*TRY IT*. What is wanted is the full listing, word for word, without its pictures.

*DATA SEGMENT*.
╭──

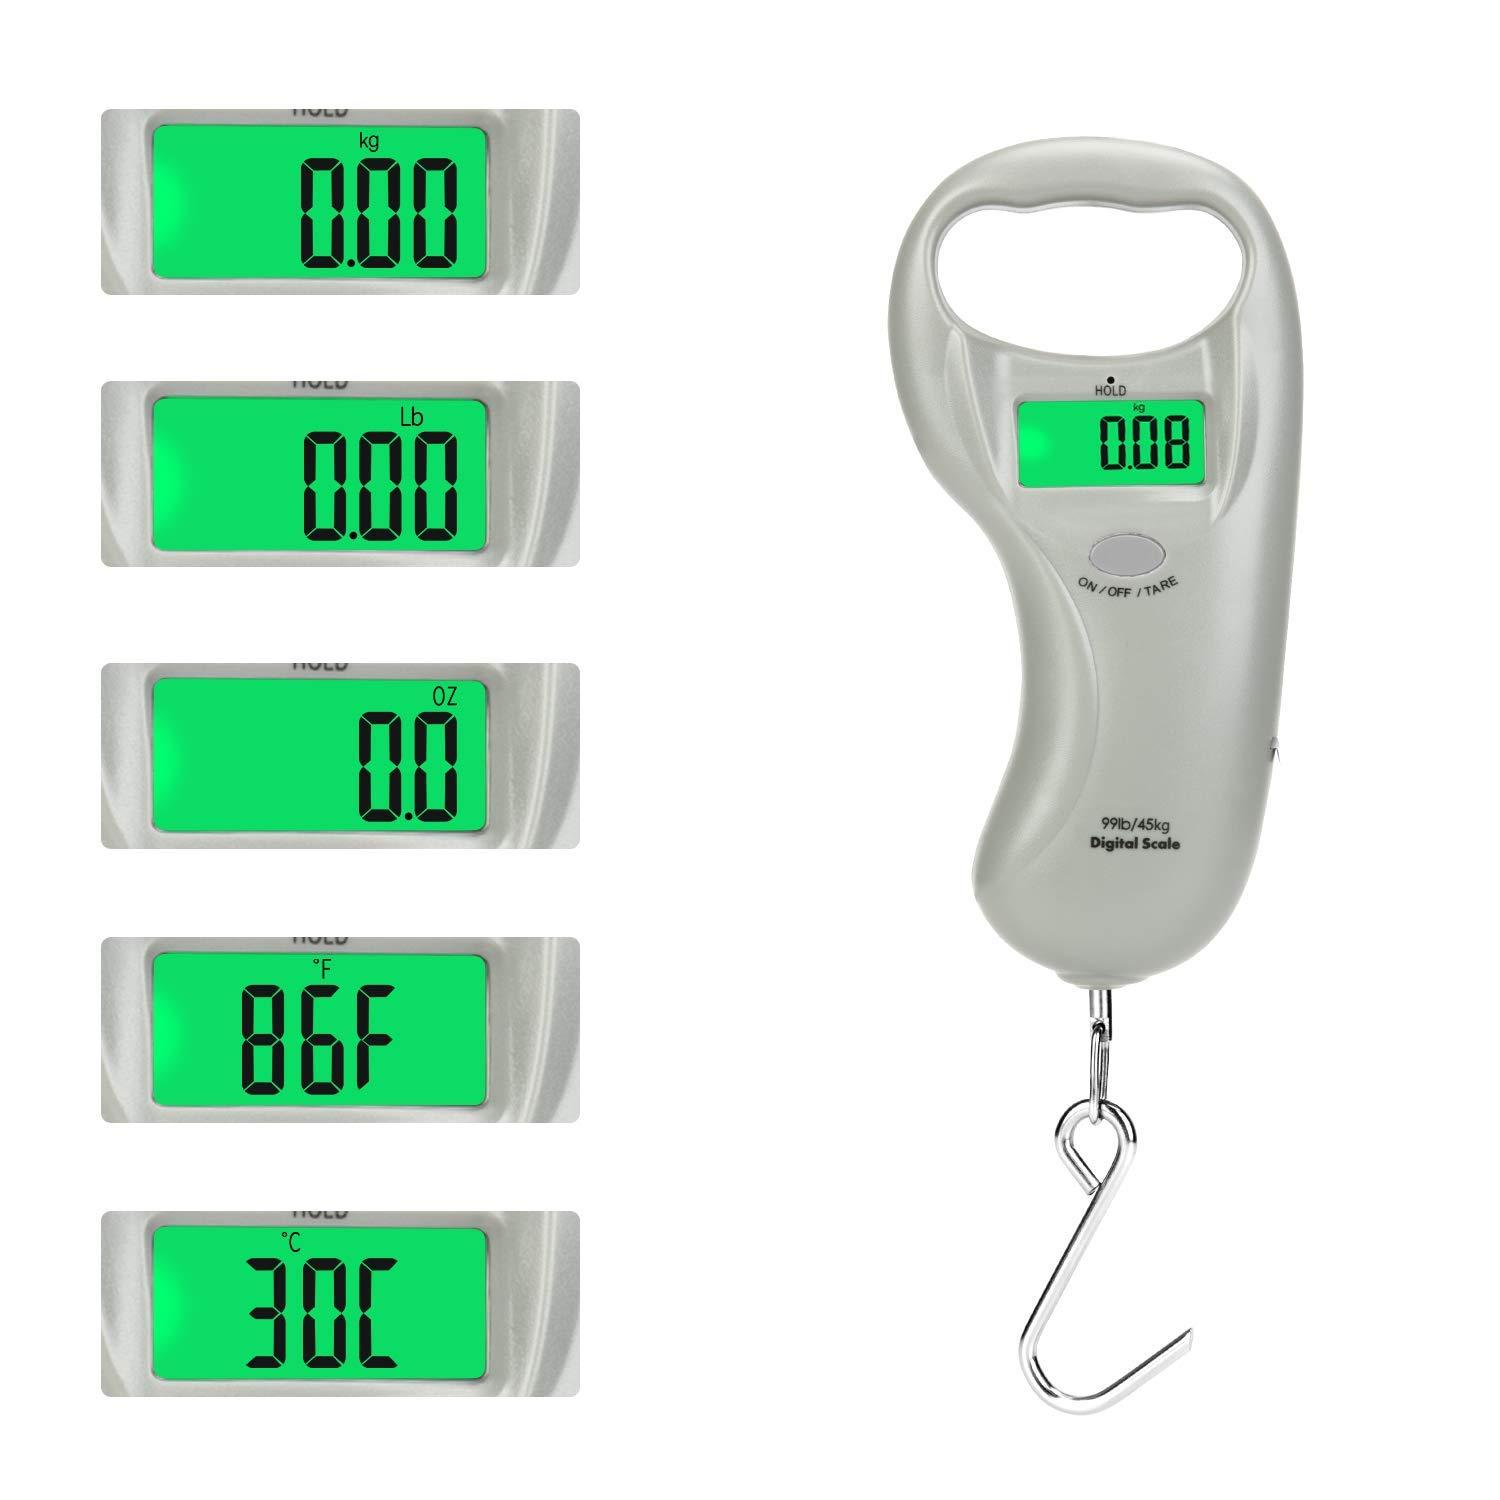 Portable Electronic Hook Scale Digital Hanging Bag Luggage Weight Scale  Fishing Scale with Meas - Measuring Tools & Sensors, Facebook Marketplace
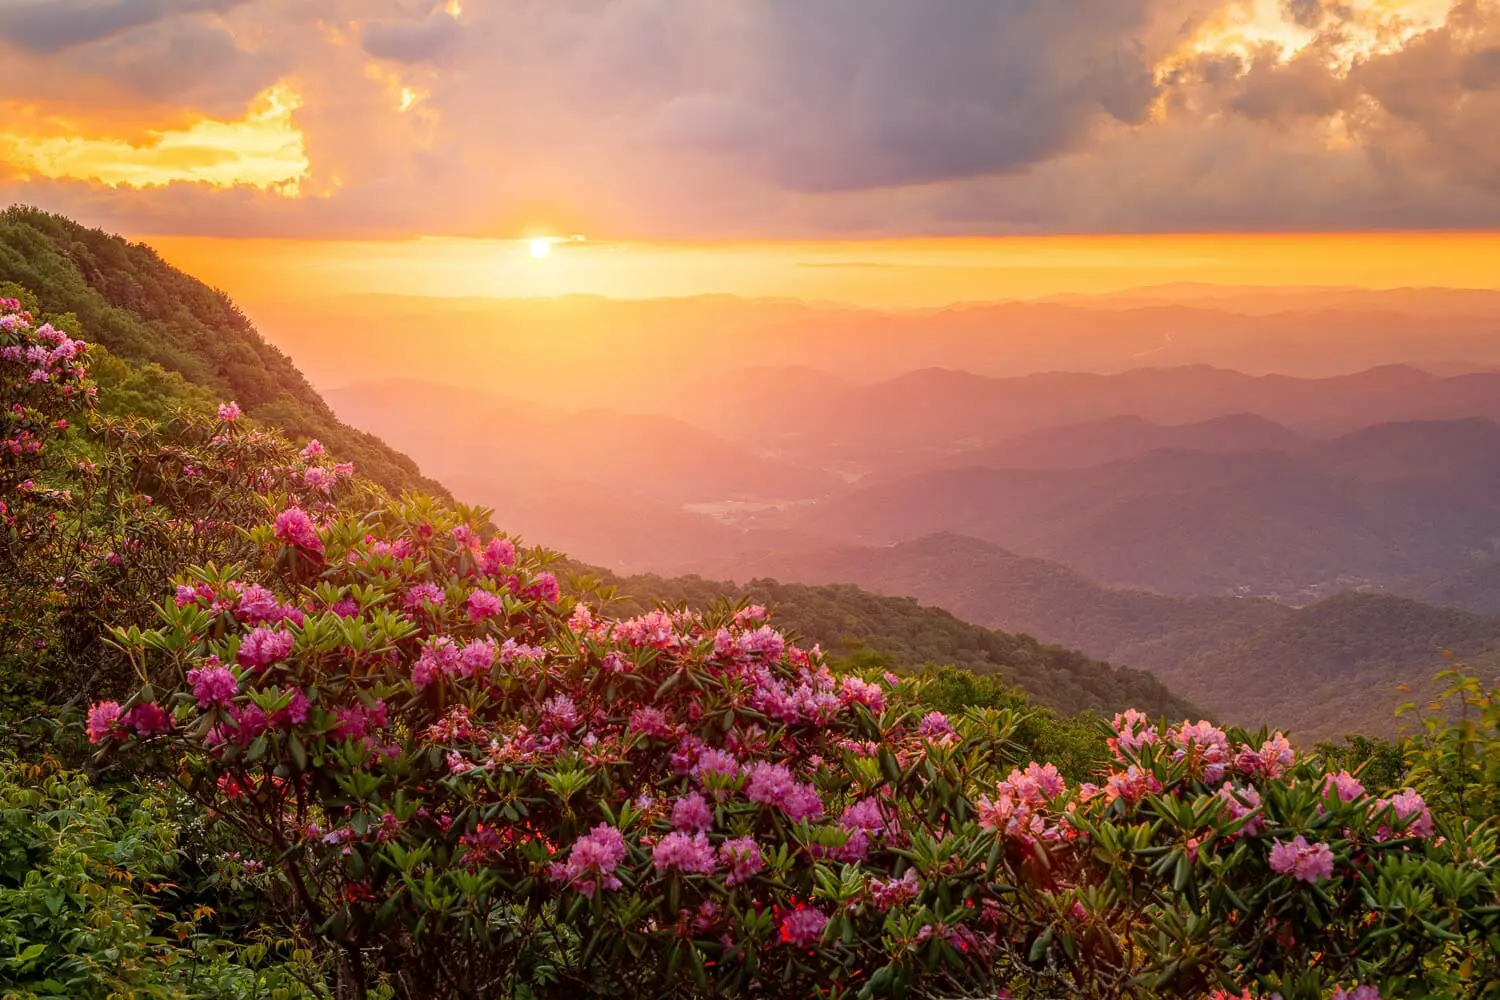 Sunset over a mountainous landscape with blooming rhododendrons in the foreground.
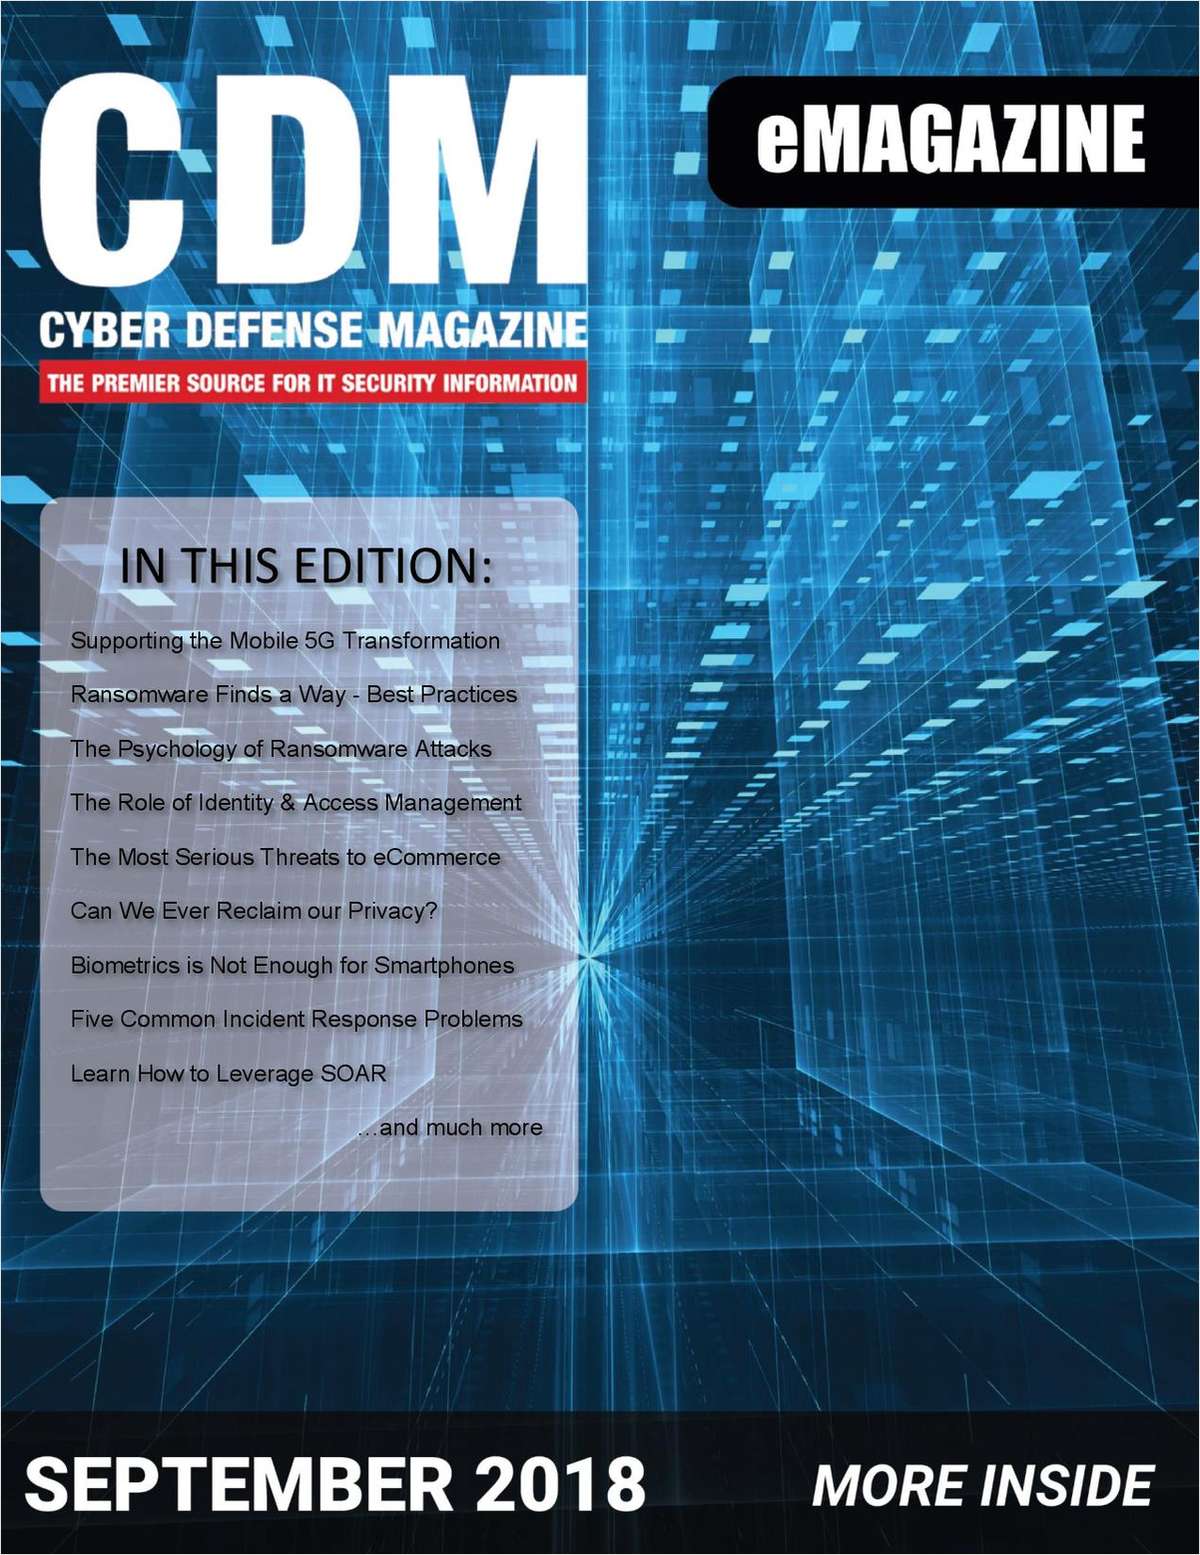 Cyber Defense eMagazine - Supporting the Mobile 5G Transformation - September 2018 Edition

╰──

*WRITTEN ANSWER*.
 Portable Electronic Hook Scale Digital Hanging Bag Luggage Weight Scale  Fishing Scale with Meas - Measuring Tools & Sensors, Facebook Marketplace
 Sunset over a mountainous landscape with blooming rhododendrons in the foreground.
 Cyber Defense eMagazine - Supporting the Mobile 5G Transformation - September 2018 Edition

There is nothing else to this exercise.